If there is enough space in the heap to satisfy a memory request, it can be handled by the programming language runtime without kernel involvement. Otherwise, the heap is enlarged to meet the size required by the memory request through the BRK () system call (code implementation). Heap management is complex, and in the face of our program’s chaotic allocation pattern, it strives to strike a balance between speed and memory efficiency through complex algorithms. The time required to service a heap request can be significant. Real-time systems have a special-purpose allocator to deal with this problem. The heap is also fragmented, as shown in the following figure:

  


Finally, we reach the lower parts of memory: BSS, data, and program text. In C, the contents of static (global) variables are stored in BSS and data. The difference between them is that BSS holds the contents of an uninitialized static variable whose value is not set by the programmer in the source code. The BSS memory area is _ anonymous _ : it is not mapped to any files. If you use static int cntActiveUsers, the CONTENT of cntActiveUsers is stored in the BSS.

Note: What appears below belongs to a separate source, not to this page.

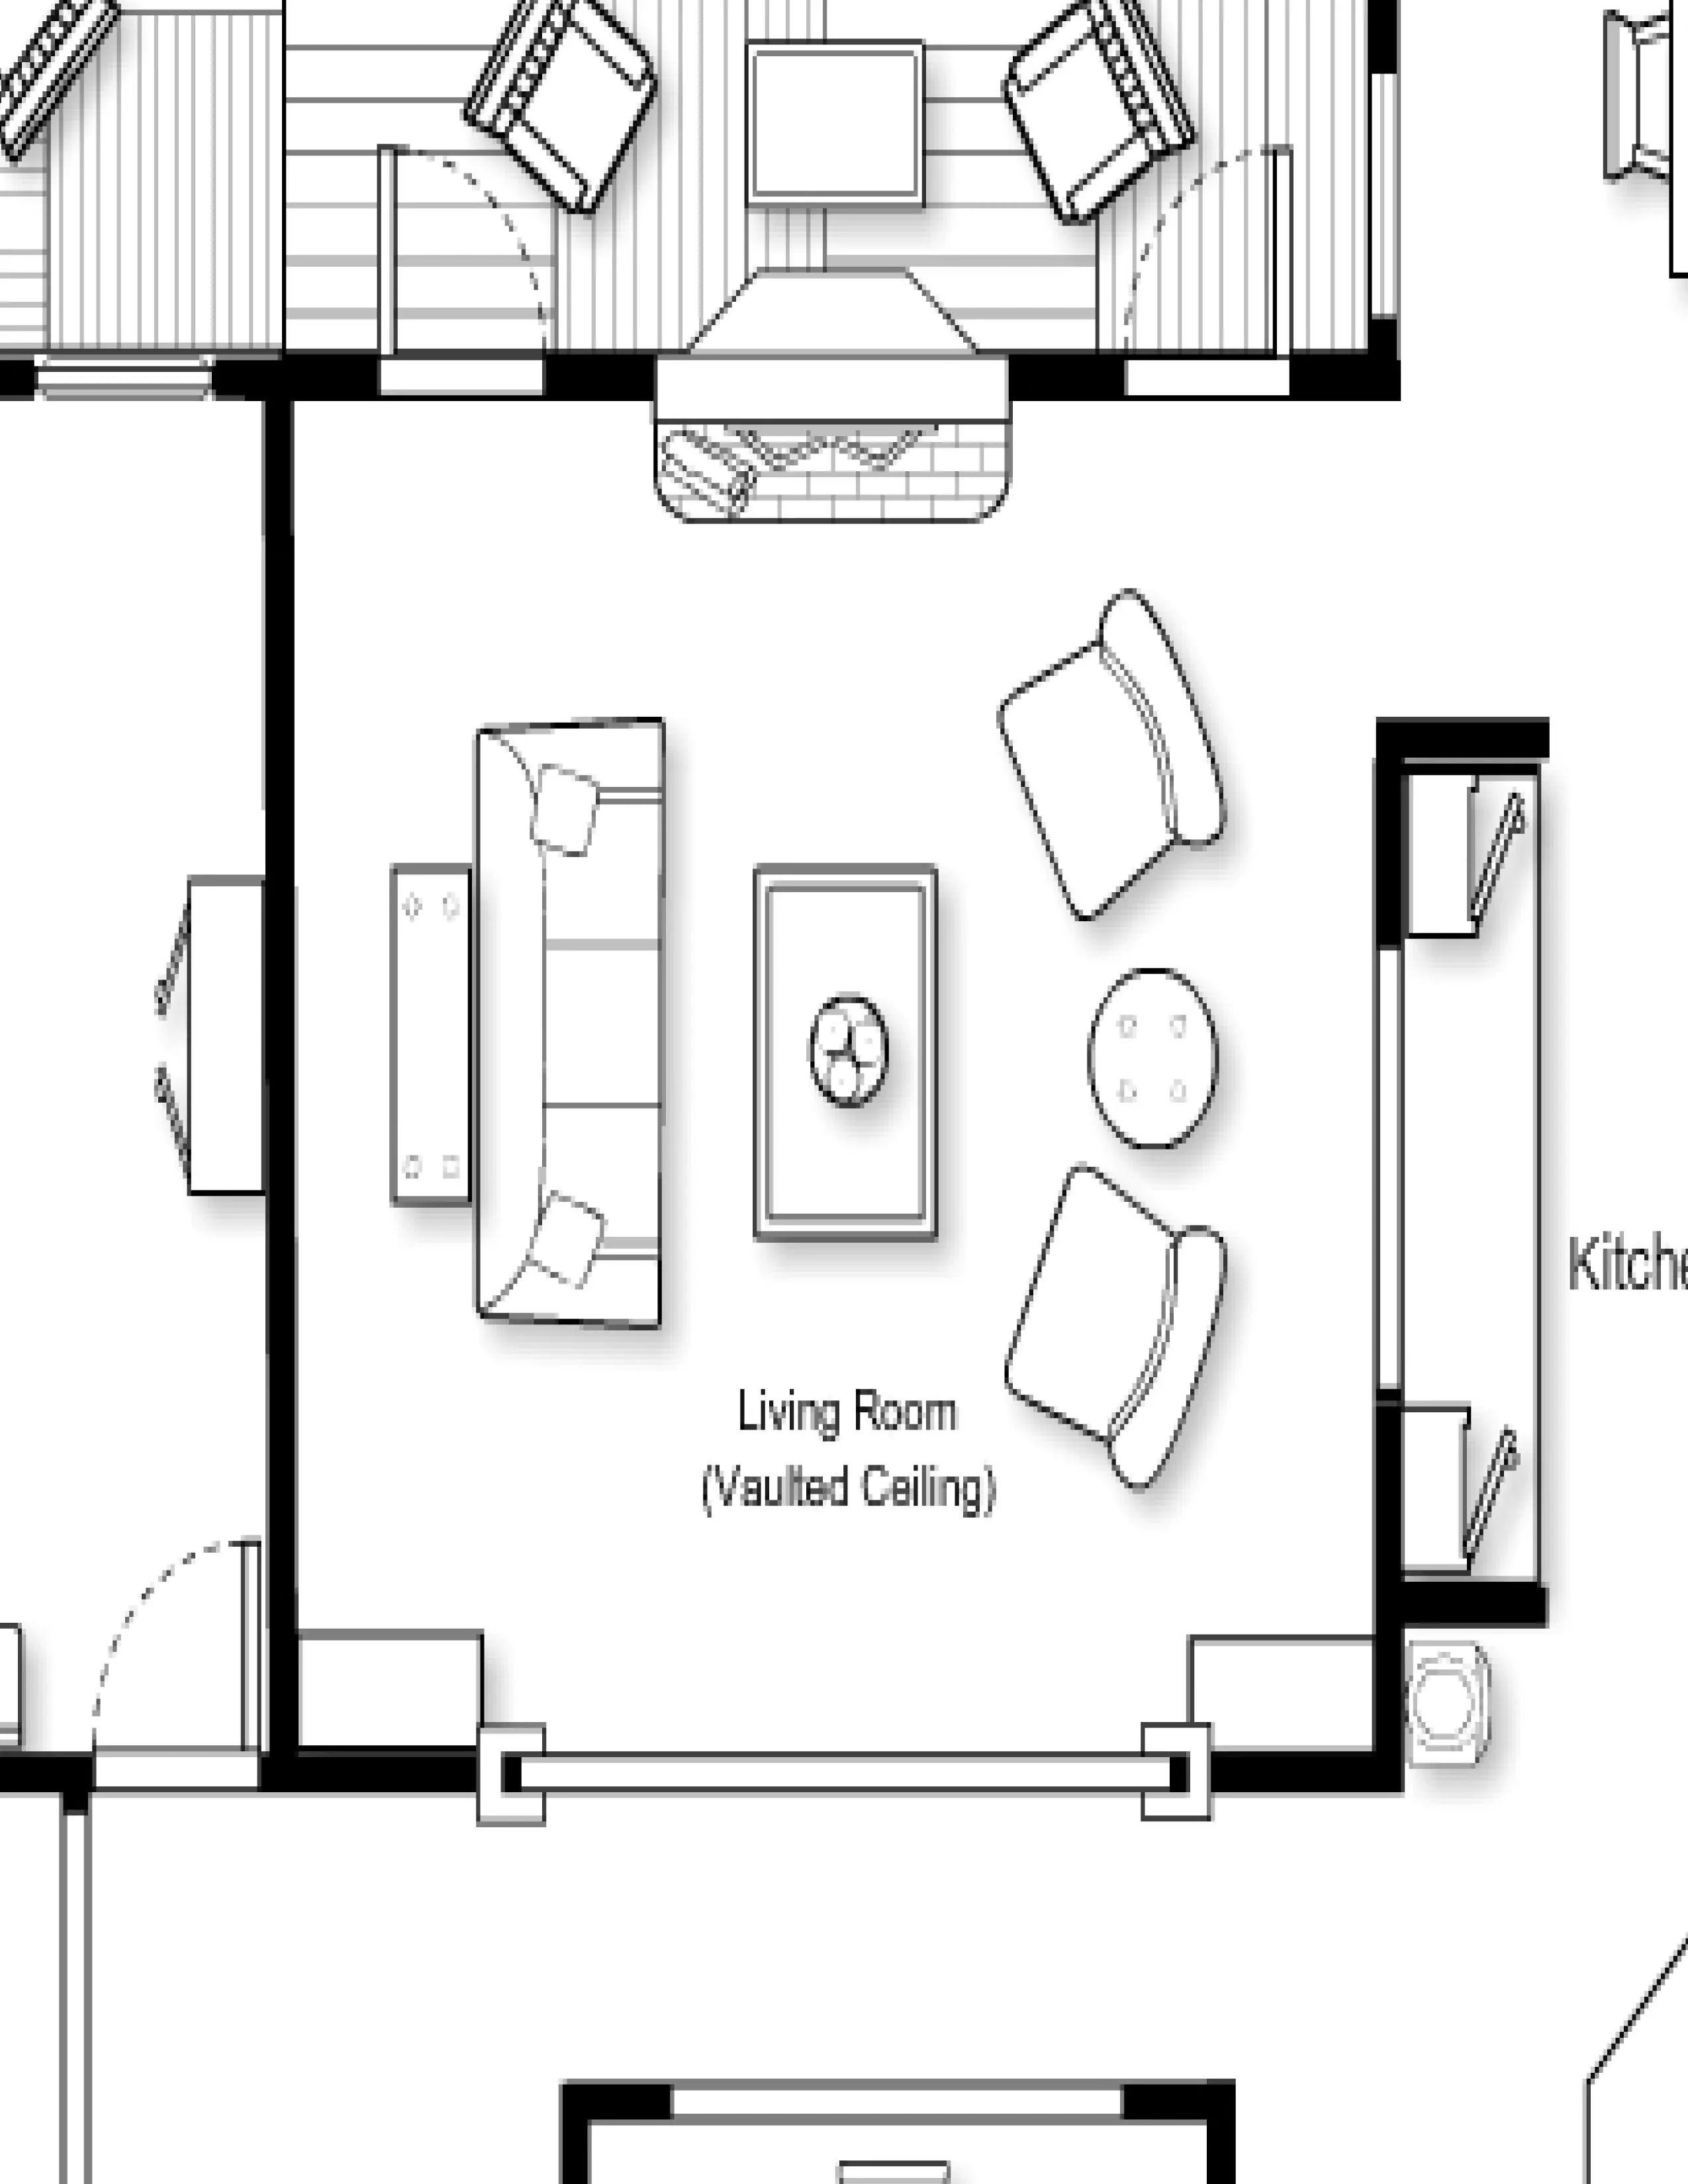 Mar Wiring Diagram For Steven Auto Electrical Ktm Schemes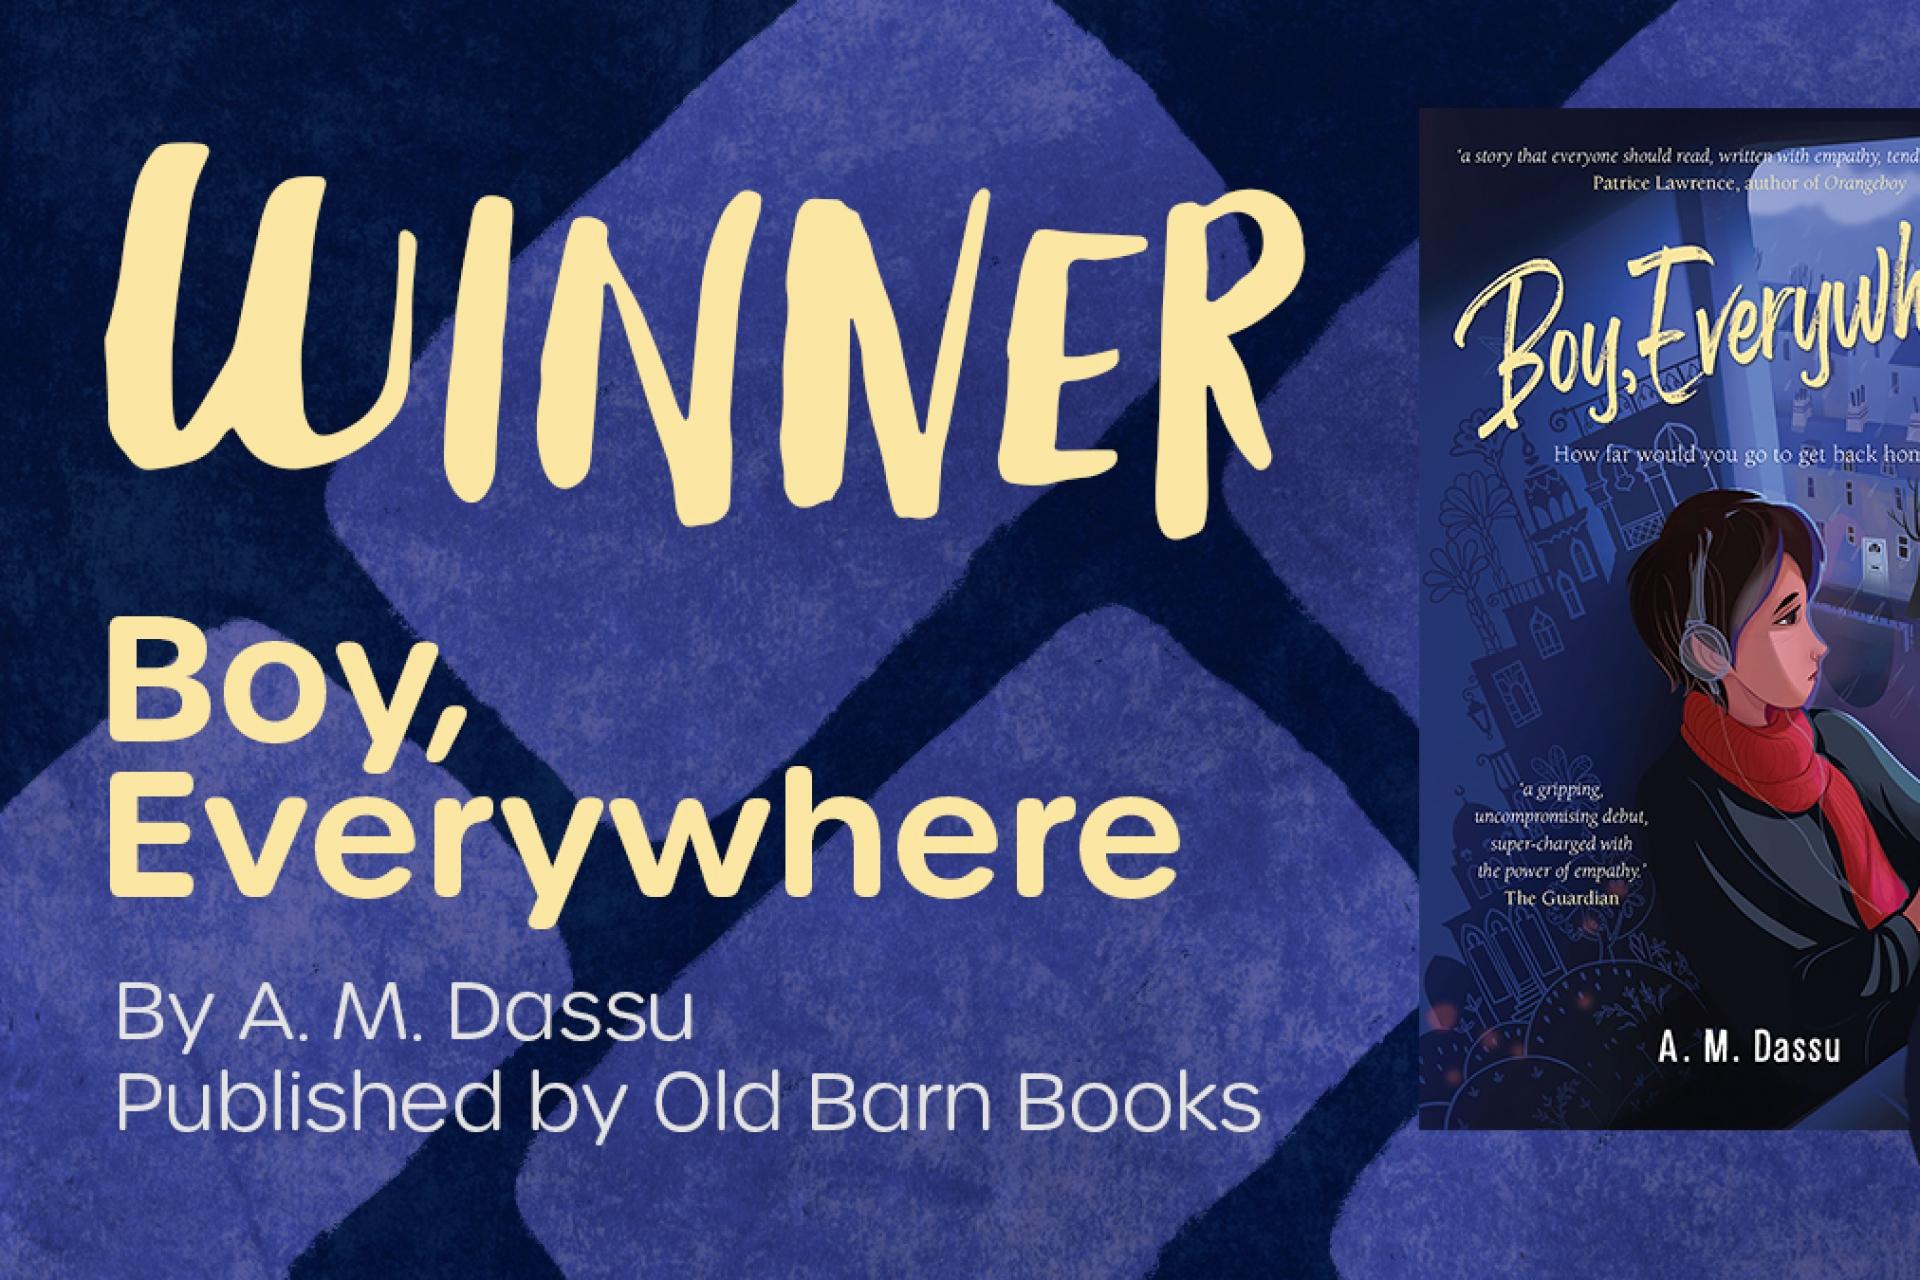 Congratulations to A.M. Dassu, 2021 Little Rebels Award Winner for Boy, Everywhere

Data segments, in turn, are used to store the contents of static variables initialized in source code. This memory region is non-anonymous. It maps a portion of the program’s binary value mirror and contains the static variable content given the initialized value in the source code. So, if you say static int cntWorkerBees = 10, the contents of cntWorkerBees are stored in the data segment with an initial value of 10. Although it is possible to map to a file through data segments, this is a private memory mapping, meaning that if memory changes, it does not reflect the change to the underlying file. This has to be the case, otherwise the assigned global variable will change the binary image on your disk, which would be incredible!

It is difficult to graph a data segment because it uses a pointer. In that case, the gonzo’s _ content _(a 4-byte memory address) is stored on the data segment. However, it does not point to a real string. And that string exists in a text segment, which is read-only, and it’s used to hold things like string constants in your code. Text segments also map your binaries in memory, but if your program writes to this segment, it will trigger a segment failure error. Although it is not as effective in C as avoiding such pointer errors in the first place, this mechanism can also help avoid pointer errors. Here is a diagram showing these segments and sample variables:

  


You can check memory areas in Linux processes by reading the /proc/pid_of_process/maps file. Remember that a segment can contain many regions. For example, each memory-mapped file is typically in its own region in the MMAP segment, while dynamic libraries have additional regions like BSS and data. In the next article, we will elaborate on what “area” really means. In addition, sometimes people say “data segment” means “data + BSS + heap”.

You can use the nm and objdump commands to examine binary images and display their symbols, addresses, segments, etc. Finally, in Linux, the virtual address layout described above is an “elastic” layout, which has been the default for years. It assumes that RLIMIT_STACK has a value. If there is no value, Linux reverts to the “classic” layout shown below:

  


This is the virtual address space layout. Subsequent articles discuss how the kernel keeps track of these memory areas, memory mapping, how files are read and written, and the implications of memory usage data.